Граф де Праз проводил месье Жана до ворот, пожал ему руку и сообщил, что проведет ночь в модном грузинском кабачке, где собирается «золотая» молодежь. Но как только жених Жильберты вернулся домой, Лионель вызвал Обри, и оба заняли наблюдательный пост: граф – напротив калитки особняка, а привратник – в аллее. Прячась в тени деревьев по ту сторону мостовой, Обри не спускал глаз с куста, где укрывался де Праз, и ждал сигнала.
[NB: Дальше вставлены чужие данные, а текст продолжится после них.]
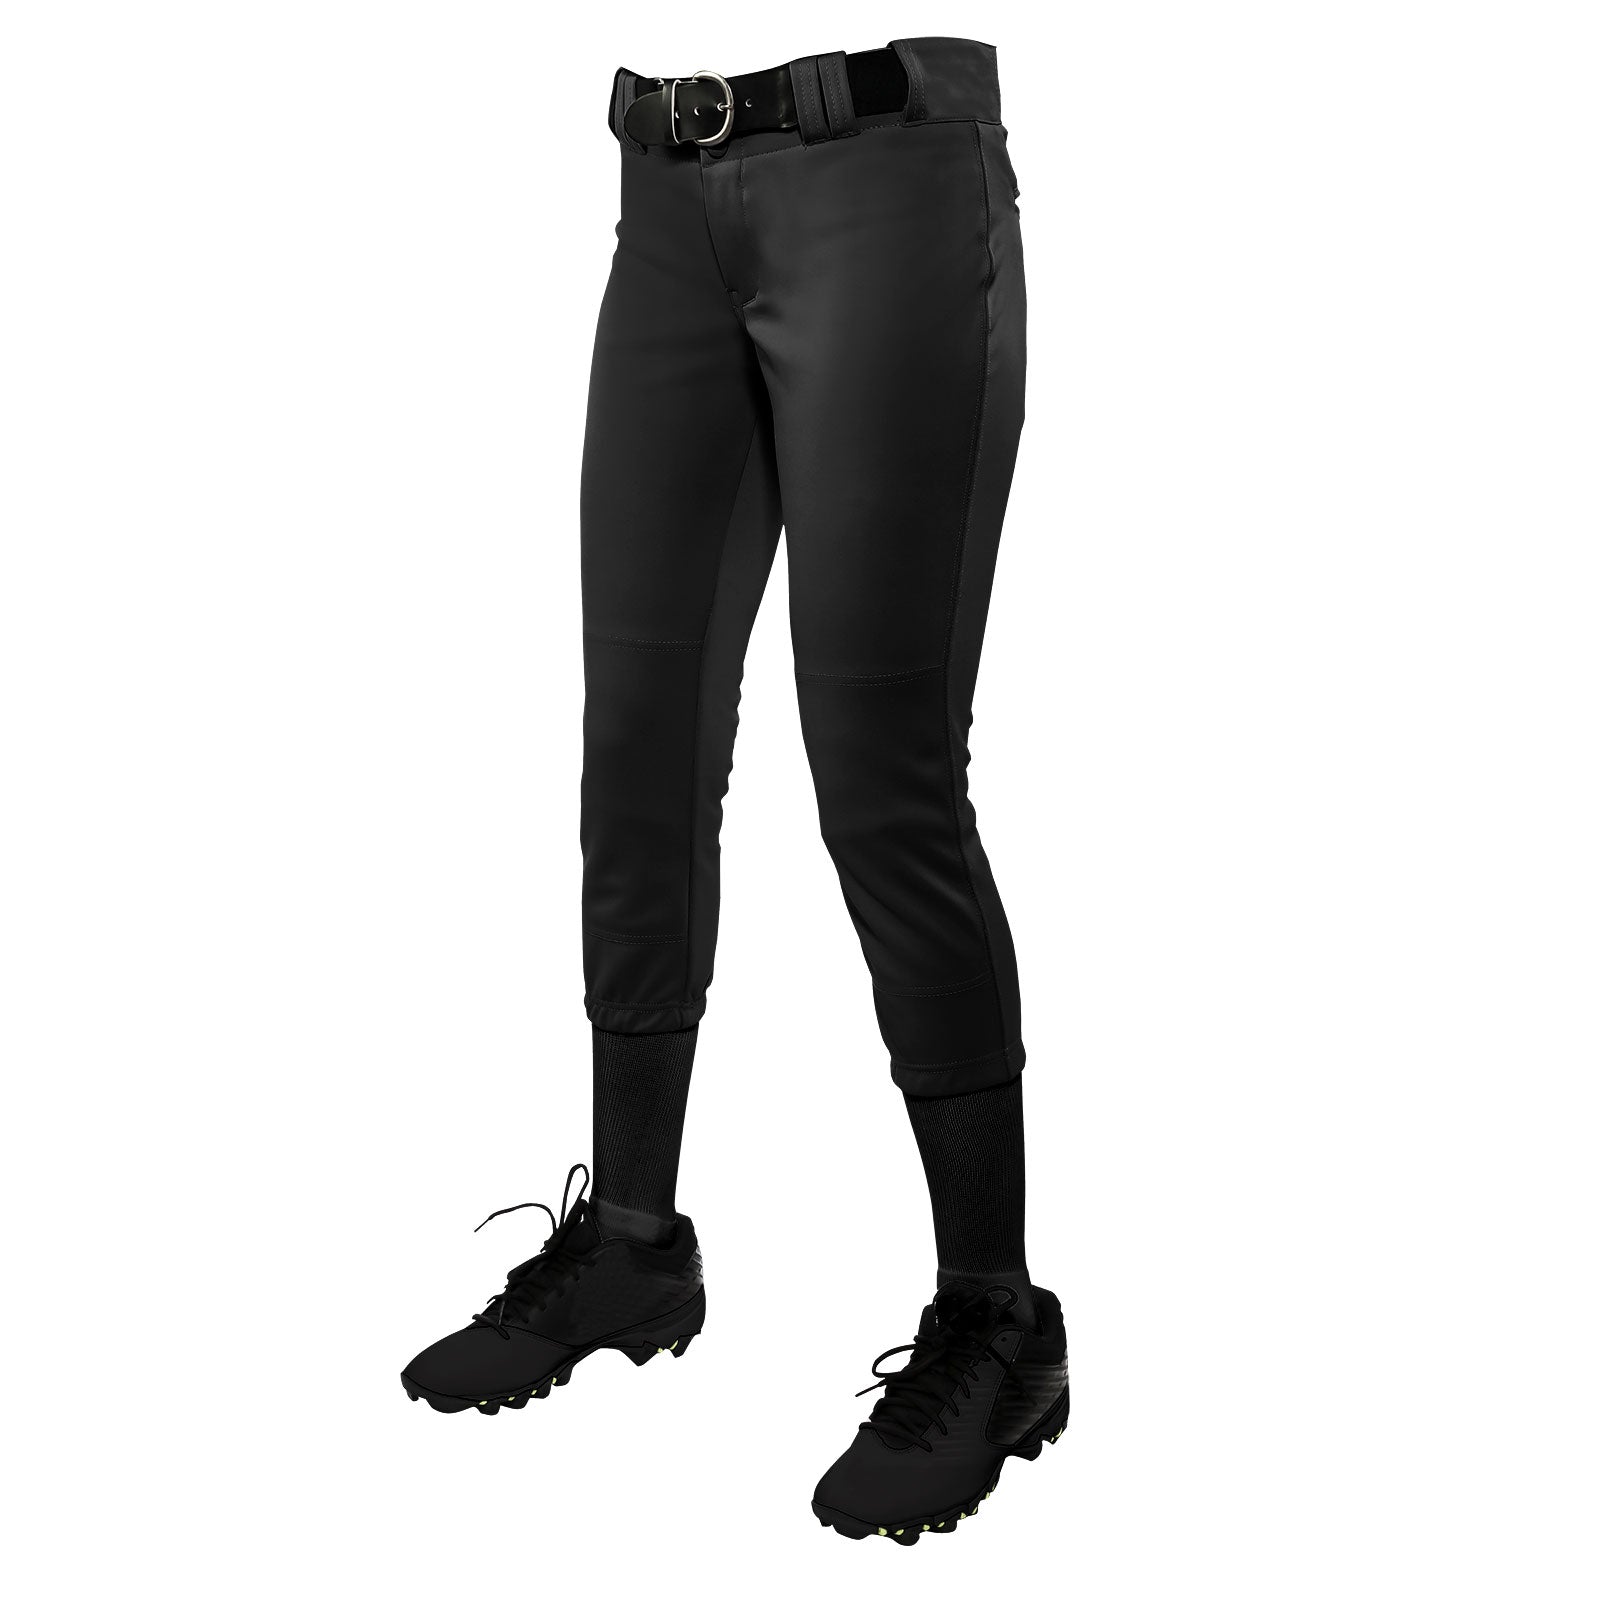 Tournament Women's/Girls Traditional Low-Rise Pants 6-Colors Available - AtlanticCoastSports
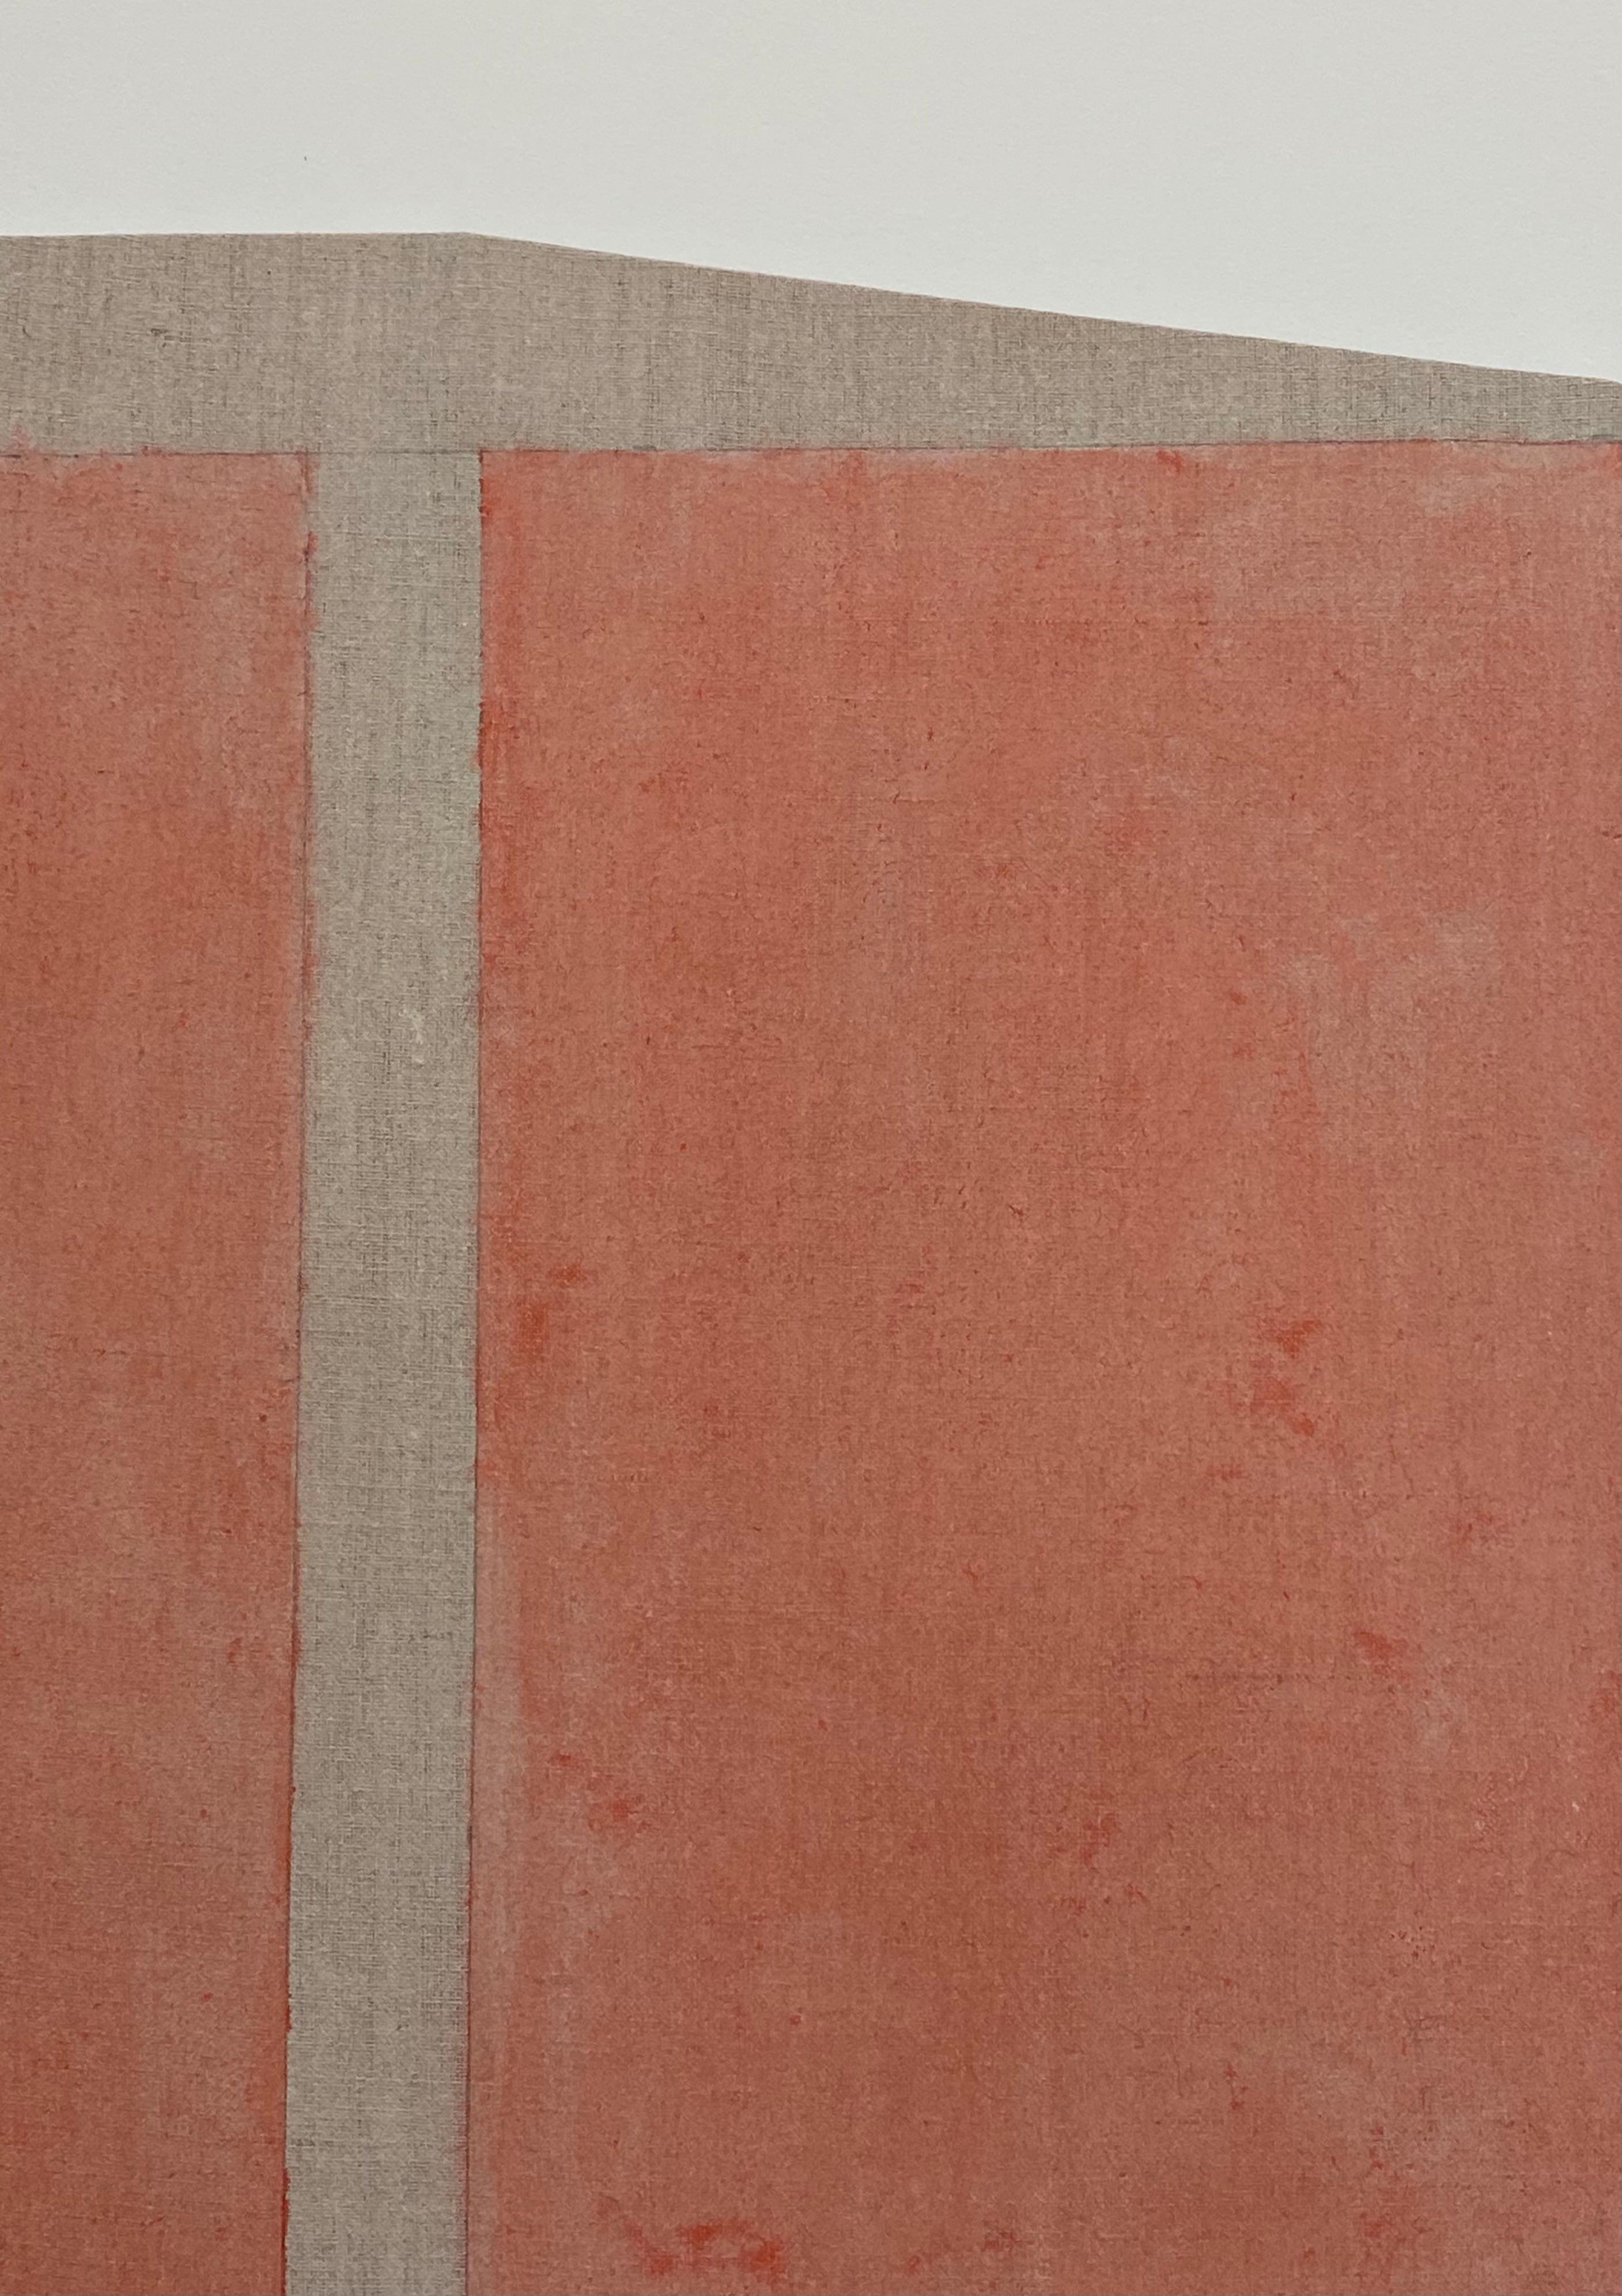 In this painting in graphite and acrylic on linen mounted on a shaped panel by Elizabeth Gourlay, carefully ordered blocks of color in a warm, coral shade of orange are vibrant against the neutral, earthy beige linen surface. Signed, dated and

В начале второго ночи в зарослях мелькнул огонек. Обри понял, что Жан Морейль вышел из дома. Огонек погас и через минуту зажегся снова. «Морейль отправился в том же направлении, как и накануне», – решил Обри и тут же убедился, что аллею пересекла чья-то тень. Не медля ни секунды, привратник зашагал вслед за жертвой. Апаш не оборачивался и почти бежал, казалось, ни о чем не беспокоясь. Обри еле поспевал за ним, да и то лишь потому, что надел удобную, на резиновой подошве обувь, позволявшую двигаться легко и почти неслышно. Шпион не рискнул прятаться в тени – это показалось бы подозрительным, если бы Жан Морейль, встревоженный малейшим шорохом, вдруг обернулся. Но этого не произошло: странный человек неуклонно следовал к намеченной цели. «На сей раз я его не упущу», – поклялся себе Обри, досадуя на вчерашний промах.
Вдали замаячили силуэты двоих полицейских в униформе, но Жан Морейль не свернул с дороги. Он замедлил шаг и на ходу, защищая огонек ладонями рук, закурил сигарету, после чего направился в район, примыкавший к городским укреплениям.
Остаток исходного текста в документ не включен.